No dosage adjustment of DECNUPAZ is recommended for patients with mild renal impairment (CLcr 60 to <90 mL/min, estimated by Cockcroft-Gault) [see Clinical Pharmacology (12.3)].

8.7 Hepatic Impairment

Avoid use of DECNUPAZ in patients with moderate to severe hepatic impairment (total bilirubin >1.5 x ULN with any AST). Limited data are available in patients with moderate hepatic impairment (total bilirubin >1.5 to 3 times ULN and any AST). DECNUPAZ has not been studied in patients with severe hepatic impairment.

No dosage adjustment of DECNUPAZ is recommended for patients with mild hepatic impairment (total bilirubin ≤ULN and AST >ULN or total bilirubin ≤1.5 times ULN and any AST) [see Clinical Pharmacology (12.3)].

11. DESCRIPTION

Pivekimab sunirine-pvzy is a CD123-directed antibody and alkylating agent conjugate created by conjugating the IgG1 monoclonal antibody G4723A to the DGN549C linker-payload. The antibody-drug conjugate (ADC) contains approximately two DGN549C molecules sulfonated prior to conjugation and bound to the heavy chains (HC) of the G4723A antibody. Pivekimab sunirine-pvzy has an approximate molecular weight of 148 kDa. Pivekimab sunirine-pvzy is produced by site directed chemical conjugation of the antibody and small molecule components.
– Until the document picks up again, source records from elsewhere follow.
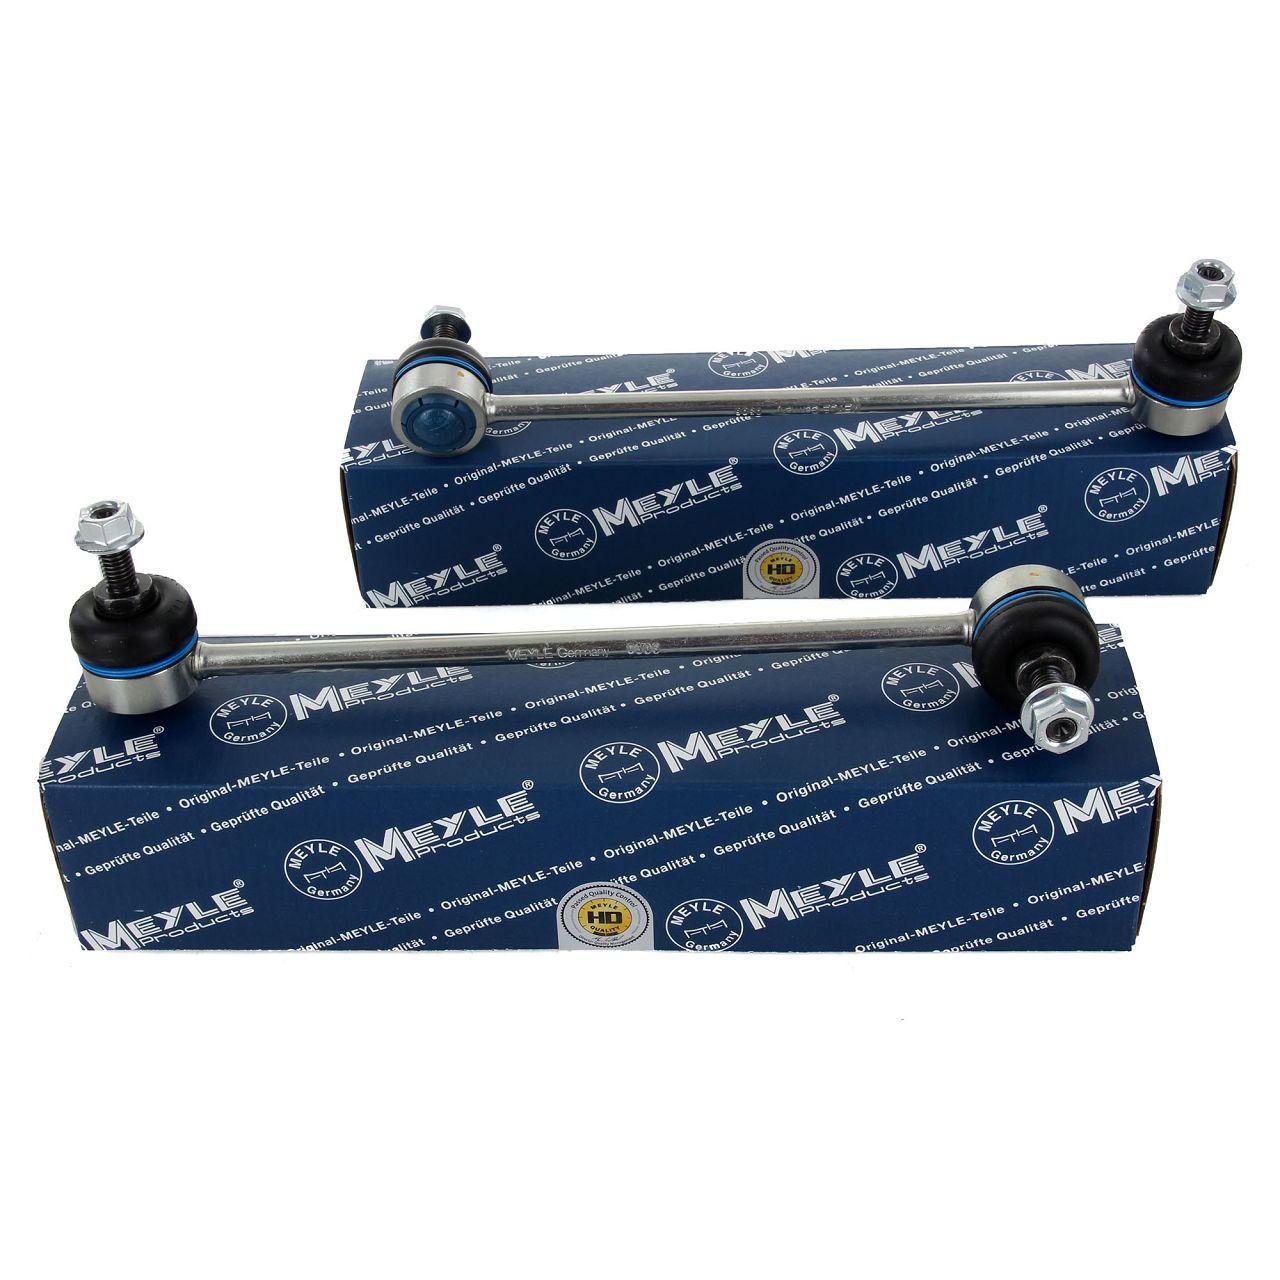 2x MEYLE HD Koppelstange MERCEDES C-Klasse W203 S208 CL203 CLK C209 A209 vorne
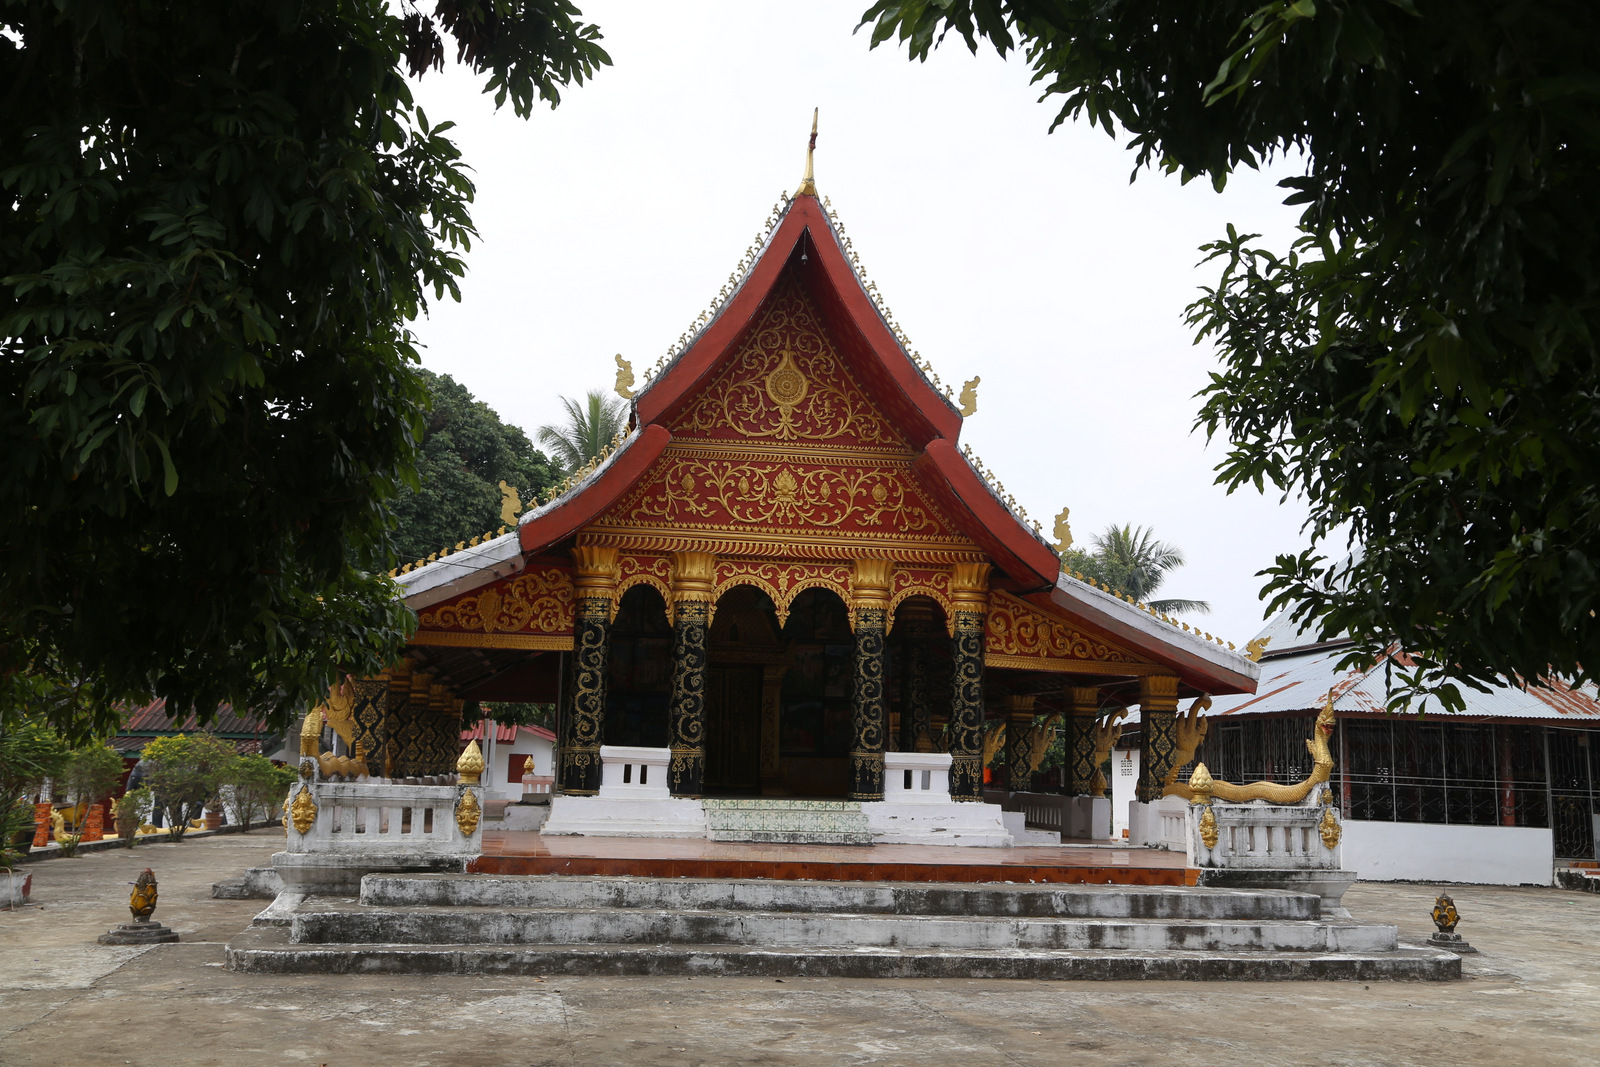 Banou temple
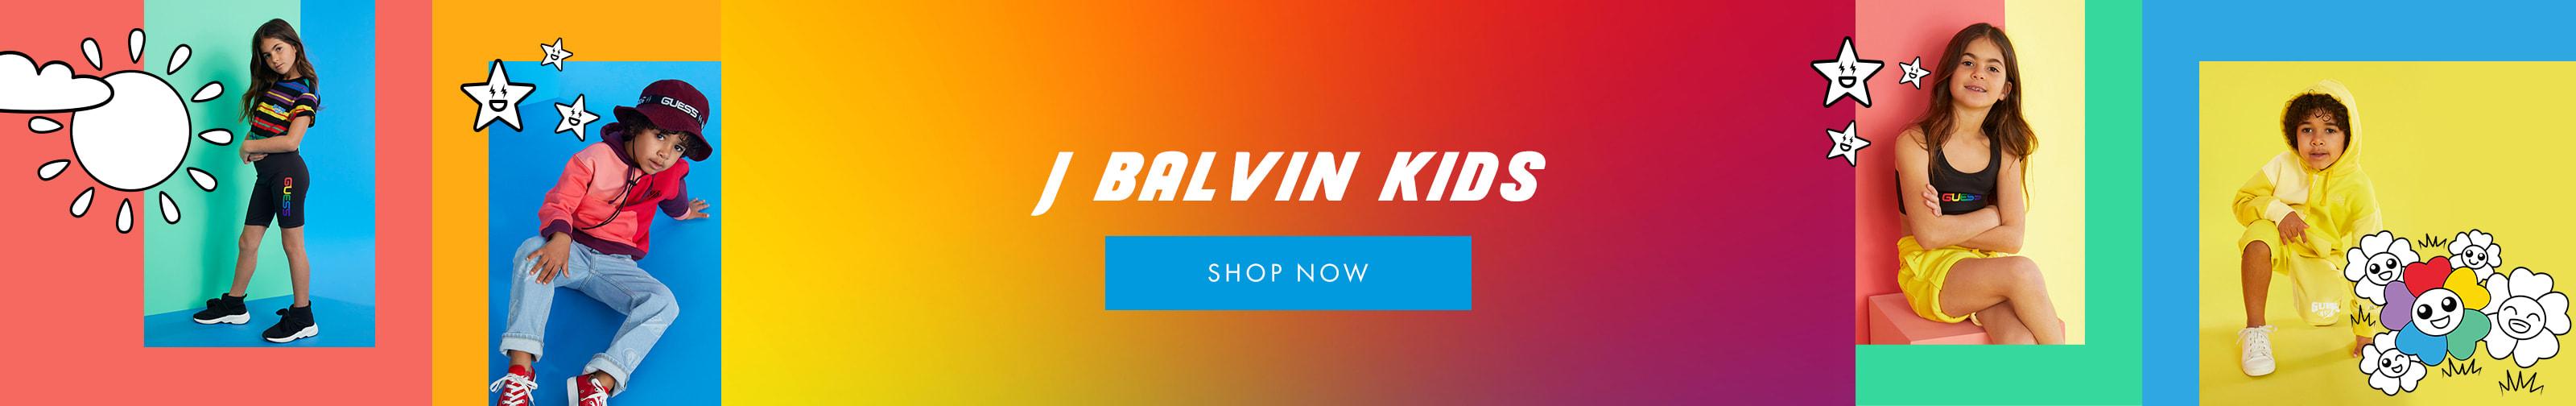 J Balvin Kids

The antibody is produced by mammalian (Chinese hamster ovary) cells, and the small molecule components are produced by chemical synthesis.

Pivekimab sunirine-pvzy has the following structure:

Pivekimab sunirine-pvzy has the following structure:

DECNUPAZ (pivekimab sunirine-pvzy) for injection is a sterile, lyophilized cake in a single-dose vial for reconstitution and dilution. DECNUPAZ is supplied as 2 mg per vial and requires reconstitution with Sterile Water for Injection, USP (1.1 mL) to obtain a concentration of 2 mg/mL. Following reconstitution, each mL delivers 2 mg of pivekimab sunirine-pvzy, methionine (0.45 mg), polysorbate 20 (0.1 mg), sodium hydroxide (0.2 mg), sodium metabisulfite (0.0048 mg), succinic acid (1.2 mg), trehalose (71.7 mg), and Sterile Water for Injection. The pH is 4.2.

12. CLINICAL PHARMACOLOGY

12.1 Mechanism of Action

Pivekimab sunirine-pvzy is a CD123 (alpha-subunit of the interleukin-3 receptor)-directed antibody-drug conjugate (ADC). The antibody is a humanized anti-CD123 IgG1. Pivekimab sunirine-pvzy binds to CD123 expressing cells and upon intracellular processing releases a cell membrane-permeable payload, FGN849, leading to DNA alkylation, single-strand DNA breaks, apoptosis, and cell death. The payload, FGN849, is a member of the indolinobenzodiazepine pseudodimer (IGN) class of cytotoxic molecules. Pivekimab sunirine-pvzy exhibited antitumor activity in in vitro and in vivo models of BPDCN.

12.2 Pharmacodynamics

Exposure-Response Relationships

Higher FGN849 (cytotoxic component of DECNUPAZ) exposure was associated with increased rates of Grade ≥2 infusion-related reactions.

Cardiac Electrophysiology

There is insufficient information to characterize the effect of pivekimab sunirine-pvzy on the QTc interval.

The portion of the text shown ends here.